Relacja odświeża się automatycznie
- 21:53
Ponad 50 żołnierzy rosyjskich wraz ze swoim dowódcą oddało się do niewoli siłom ukraińskim w okolicach wsi Robotyne w obwodzie zaporoskim na południu Ukrainy – poinformowała w niedzielę ukraińska agencja Unian.
Podała, powołując się na rosyjskie media, że rosyjscy okupanci uskarżali się na brak żywności i amunicji, po czym pobili swego dowódcę i wraz z nim poddali się silom ukraińskim.
Źródło w Sztabie Generalnym Sił Zbrojnych Ukrainy potwierdziło, że 52 żołnierzy wraz dowódcą oddało się do niewoli.
Ukraińska flaga powiewa nad wyzwoloną miejscowością Robotyne
- 21:08
Wołodymyr Zełenski mówił również w rozmowie z Natalią Mosejczuk, że Ukraina powinna się nauczyć żyć jak Izrael.
- Ukraina musi mieć świadomość, że w tym czy innym momencie może zostać sama, że któryś partner może ją zostawić z powodu jakichś wewnętrznych procesów, wewnętrznej polityki czy choćby wyborów. Ale po prostu musimy nauczyć się z tym żyć. Izrael walczy (długo) i my też jesteśmy gotowi długo walczyć, nie tracąc ludzi, minimalizując straty, jak na przykład Izrael – oznajmił Zełenski.
- 21:06
Prezydent Wołodymyr Zełenski powiedział w wywiadzie dla ukraińskiej dziennikarki Natalii Mosejczuk, że korupcja w Ukrainie powinna być traktowana jako zdrada stanu w czasie trwania stanu wojennego.
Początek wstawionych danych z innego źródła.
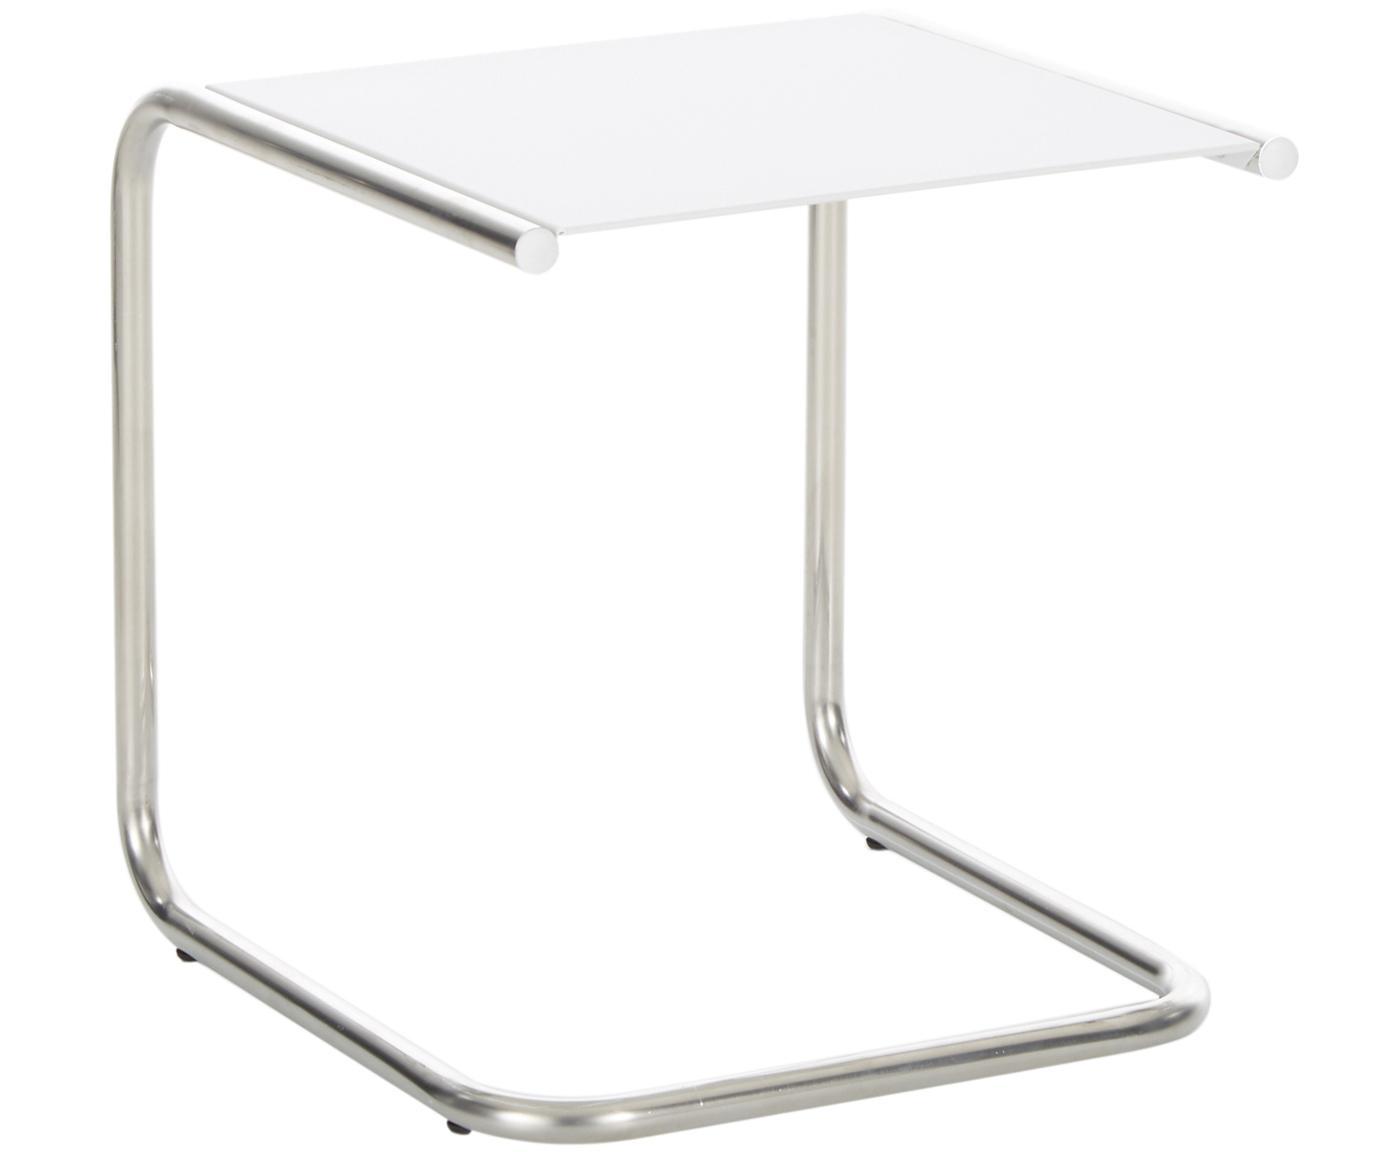 Mesa auxiliar de exterior de metal Club, Tablero: metal con pintura en polv, Estructura: aluminio pulido, Blanco, aluminio, An 40 x F 40 cm
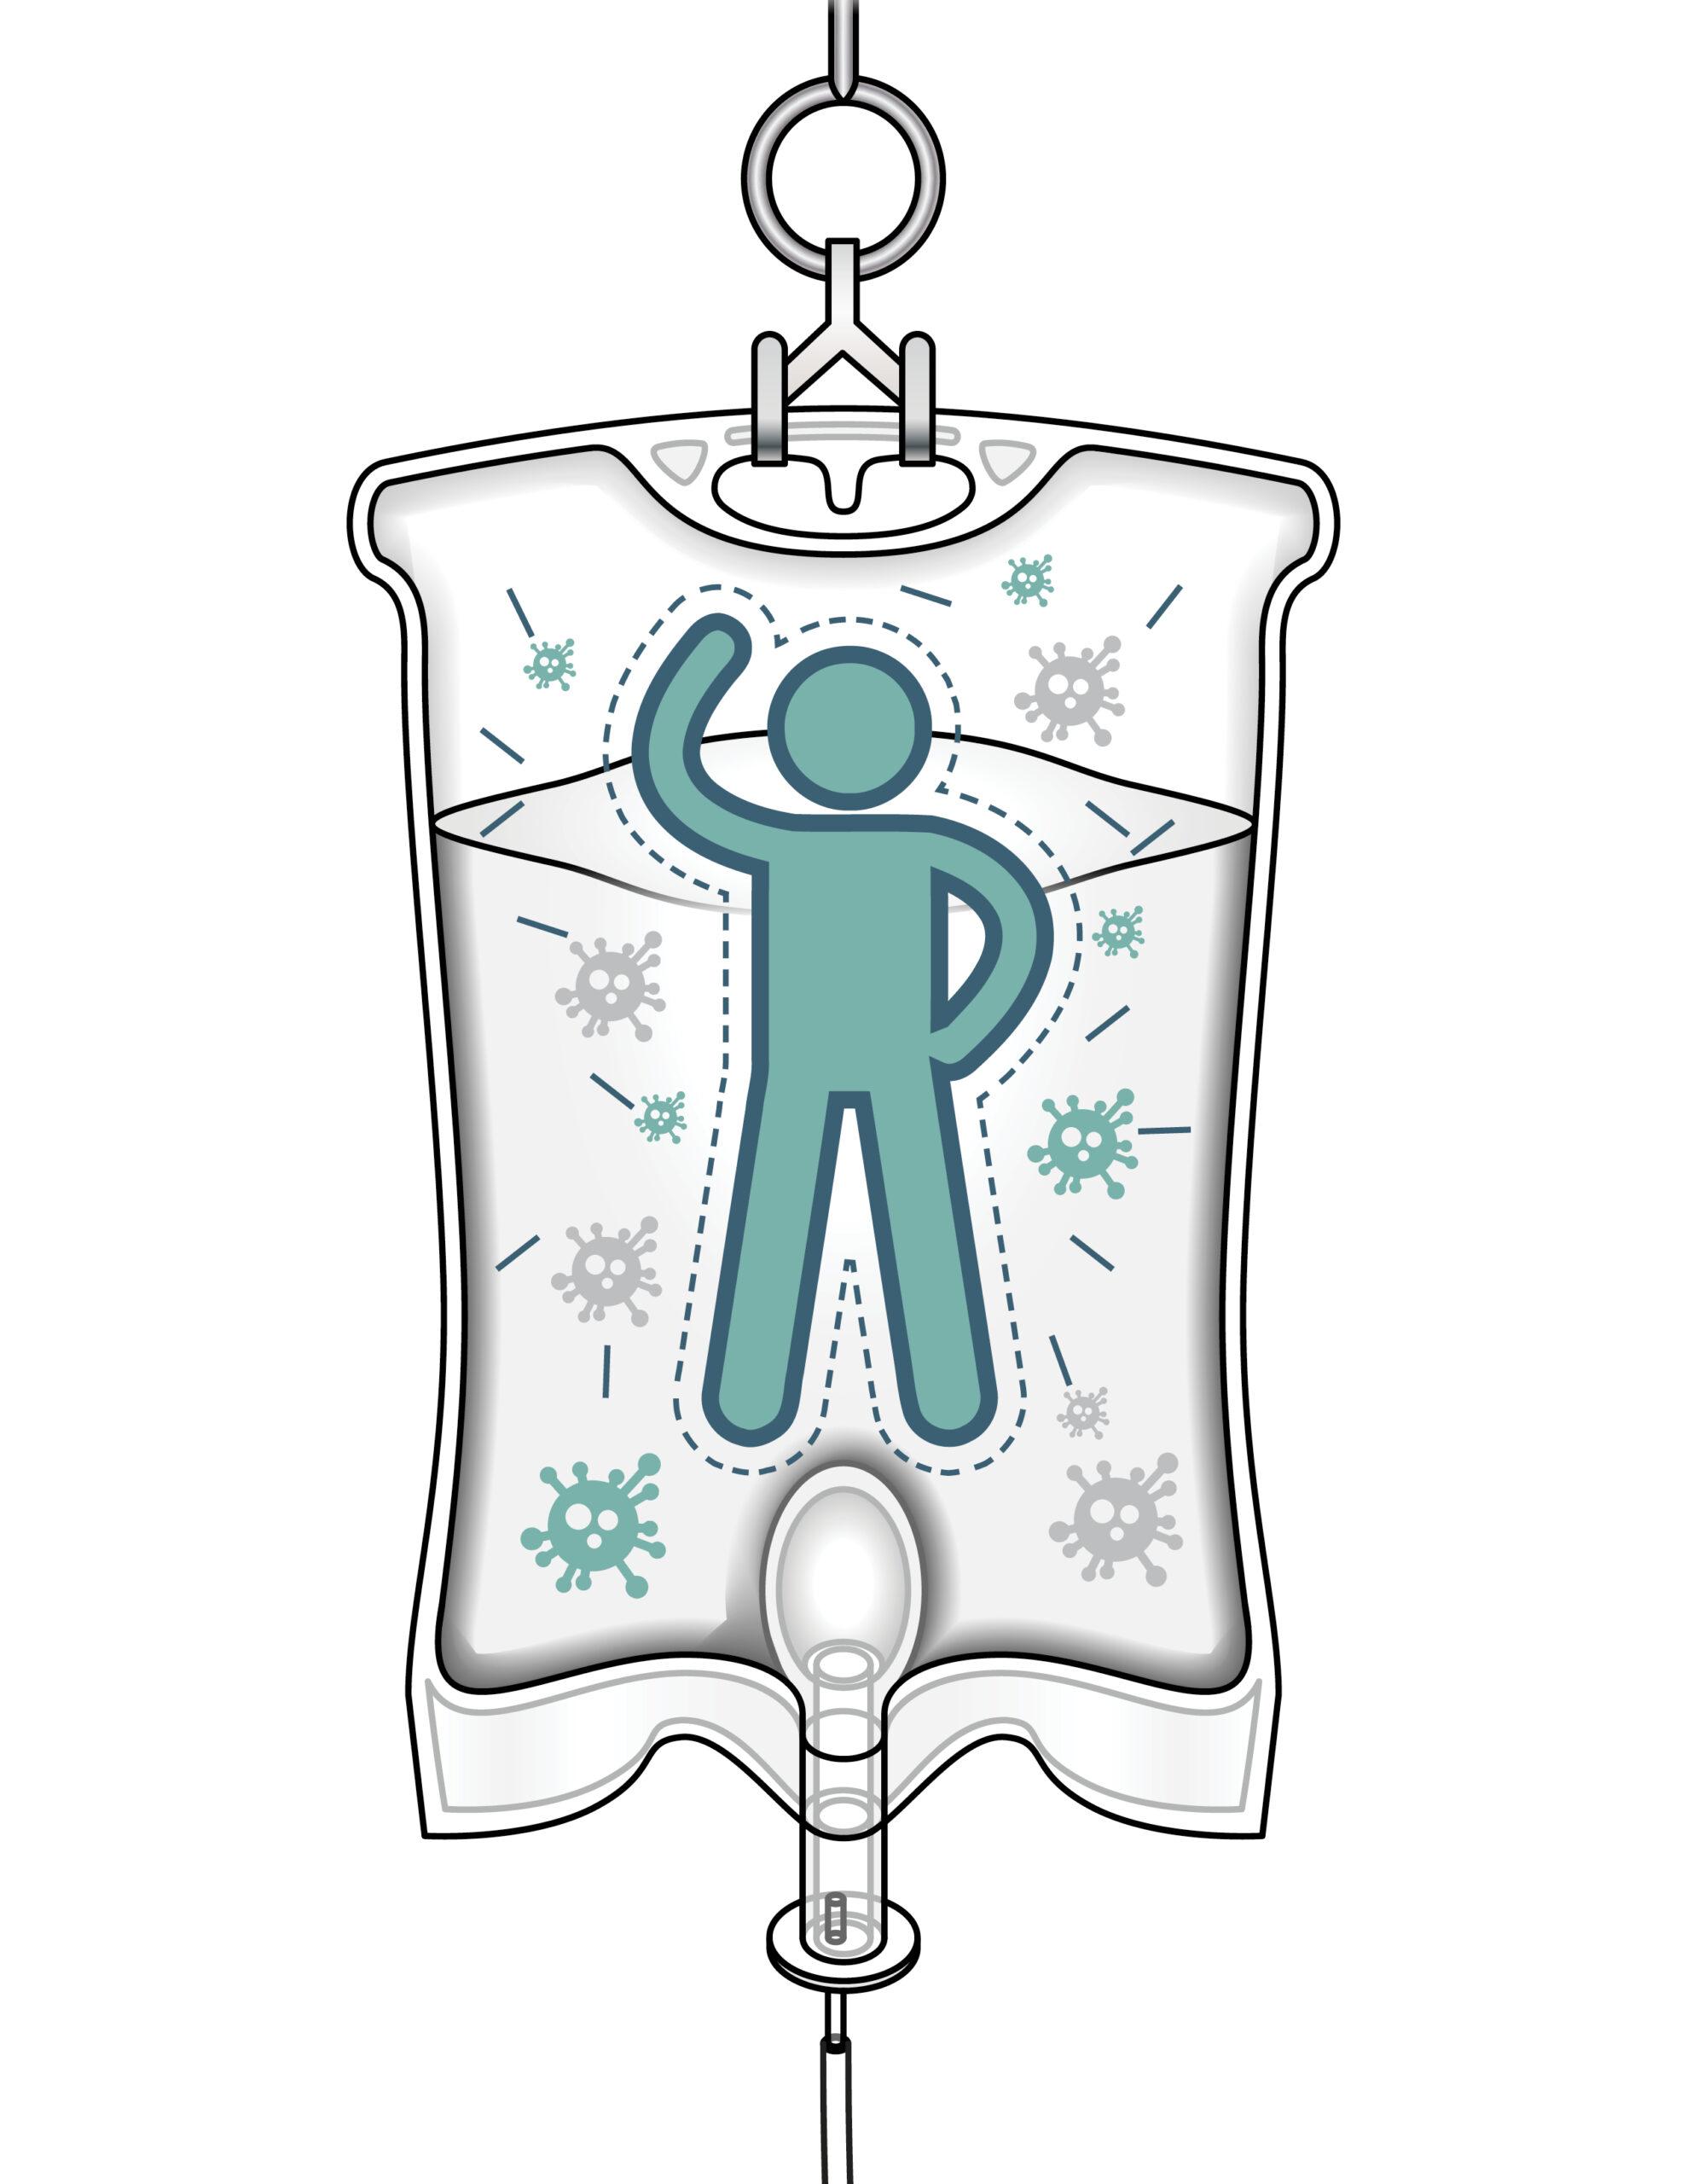 Immunity Max IV Treatment

Zełenski oznajmił, że "postawił zadanie i przedstawi propozycje w tej sprawie Radzie Najwyższej". Wyznał jednak, że nie wie, czy parlamentarzyści poprą jego decyzję.
Wołodymyr Zełenski
- 19:04
Niewykluczone, że Rosja zrobiła sobie przerwę w produkcji rakiet. Ostatnio wykorzystuje ich znacznie mniej w atakach – ocenił przedstawiciel ukraińskiego wywiadu wojskowego Andrij Jusow w wywiadzie dla Island TV.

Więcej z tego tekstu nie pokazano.